I glanced at Tinescu, who could have put it more clearly because he was less involved, but Klabund added sharply, ‘In your own words, for preference!’

Puzzled, but ready to comply, I said, ‘Well, you know we have two colonies, I presume – Viridis, at 61 Cygni, and Starhome, at Epsilon Eridani. As part of the terms of foundation and support, we’re entitled to cultural survey missions there, and there are two departments in the Bureau which analyse the data received: my own, which is mainly cultural, and Jacky Demba’s which is mainly technical. We’re – well – middlemen. We pass the information on to centres of study which make use of it.’

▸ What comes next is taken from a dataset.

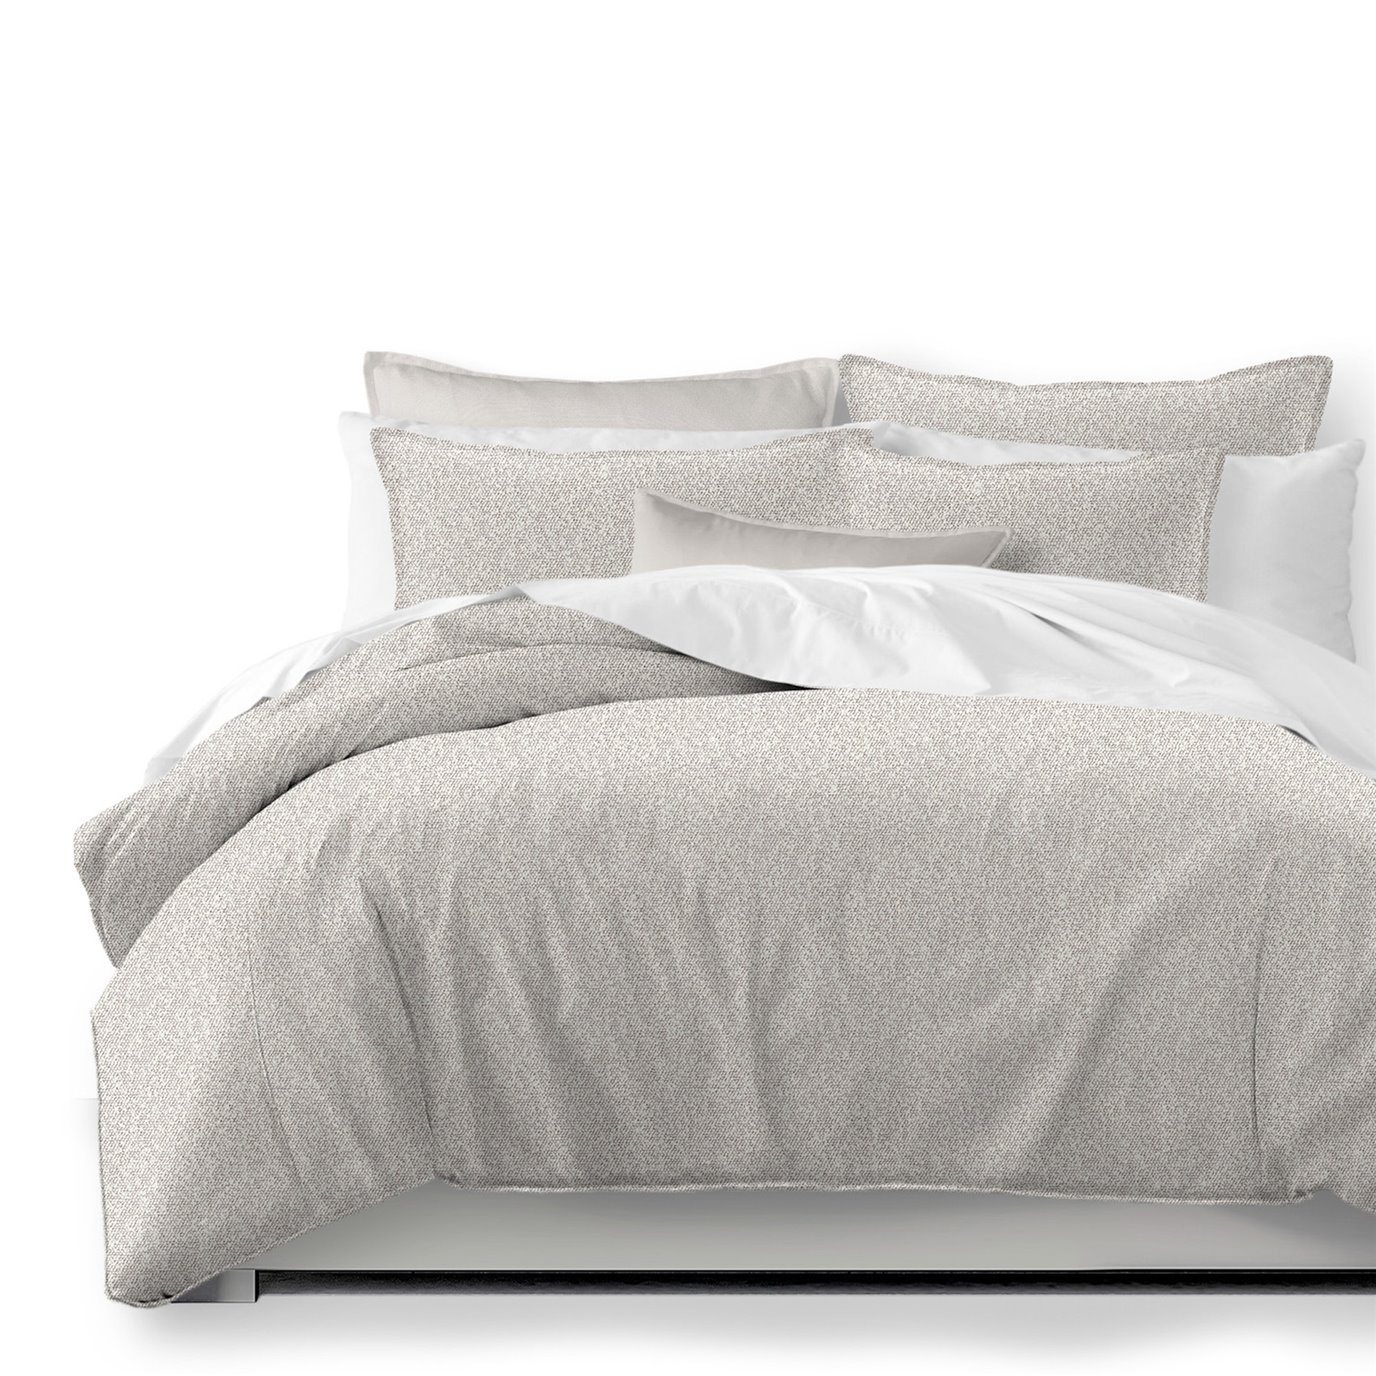 Jackson Boucle Cream Comforter and Pillow Sham(s) Set - Size Twin

‘I see. Now – if I’ve got this right – your preoccupation
with the cultural aspects means you’re more involved with Viridis than Starhome.’

‘Exactly.’

‘Amplify, please.’

‘Well … Viridis was planted about a hundred and ten years ago by a group of neo-Roussellians who wanted to return to a pre-technological civilization. On Earth they’d become a laughing-stock, of course, but since the sociologists were pressing the government to aid the study of alternative solutions to the problem of organizing a mass society, their colony was approved and subsidized.’

‘They got on well?’

‘Oh yes. About half of our modern music, drama and verse is Viridian in origin. Their society has a—’ I fumbled for the right word. ‘A depth, a richness, which ours lacks.’

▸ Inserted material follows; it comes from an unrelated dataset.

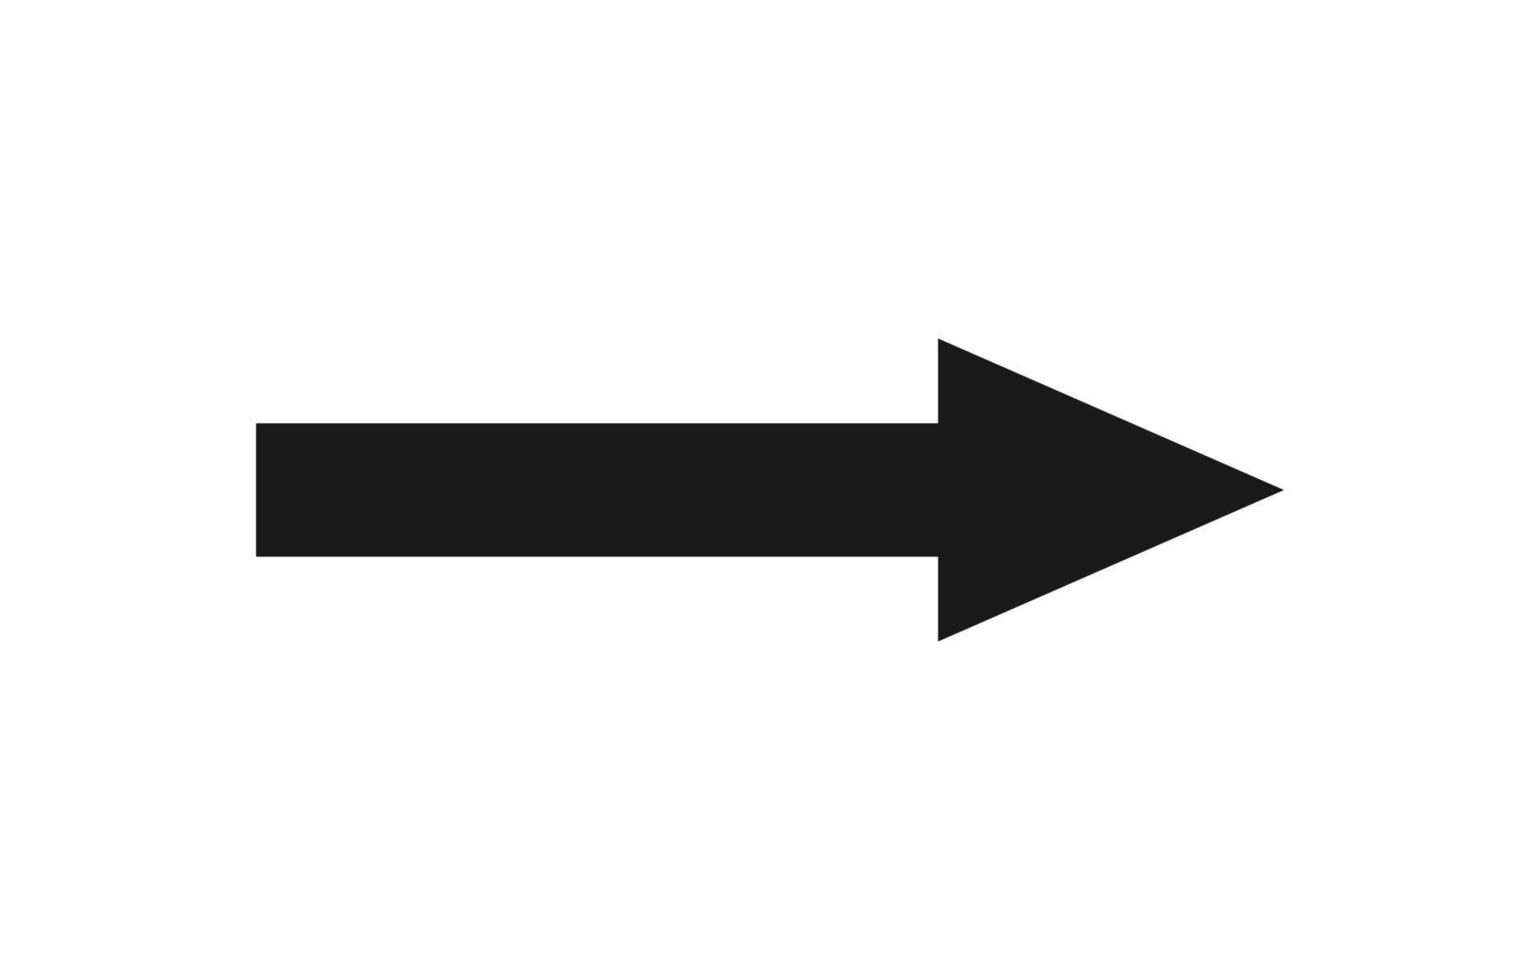 icono de vector de flecha. este símbolo plano se dibuja sobre un fondo blanco.

‘You prefer their society to the Starhomers’?’

‘Well – yes. Starhome was founded to see how far a technologically oriented society could be driven. Of course in their own way the Starhomers have done exceedingly well; their level of mechanization is amazing. And, naturally, my department deals with the social consequences of this – well – experiment.’

‘I see,’ Klabund murmured. ‘Mr Vincent, have you ever been a member of the Stars Are For Man League?’

8

I’d always regarded myself as quick-witted, but the speed of my reaction to that astonished me as much as it did Tinescu and Klabund. Presumably it was the last kick of the chronodrin shot bin Ishmael had given me to bring my subjective time up to Tau Cetian level which enabled me to bite back the furious denial that sprang to my lips.
Obviously, the question had been designed to catch me by surprise and force an unpremeditated response. Why?

Logic said:
Klabund’s using a lie-detector on me.

So, purely as a matter of principle – because I do not accept that society has the right to invade the mental privacy of any sane individual – I shot out my hand across the shiny surface of the desk and swept aside the squat bulk of the addresser, which was large enough to conceal from anyone sitting in my chair something as compact as a lie-detector.

And I was right. A shallow oblong device with lights on the side turned towards Klabund lay exposed; from it, wires fine as spider’s webs trailed towards me and down the front of the desk.

Cold anger welled up inside me. I said in my most frigid voice, ‘Inspector, what’s the idea of putting that thing on me without my permission?’

Klabund was embarrassed. He swallowed hard and glanced appealingly at Tinescu. The chief coughed.

‘I asked for it, Roald,’ he said.

‘What the hell
for?

‘Because you’re the reason why the conveyor system has been fed League literature.’

I digested that slowly. ‘It doesn’t make sense,’ I said at last.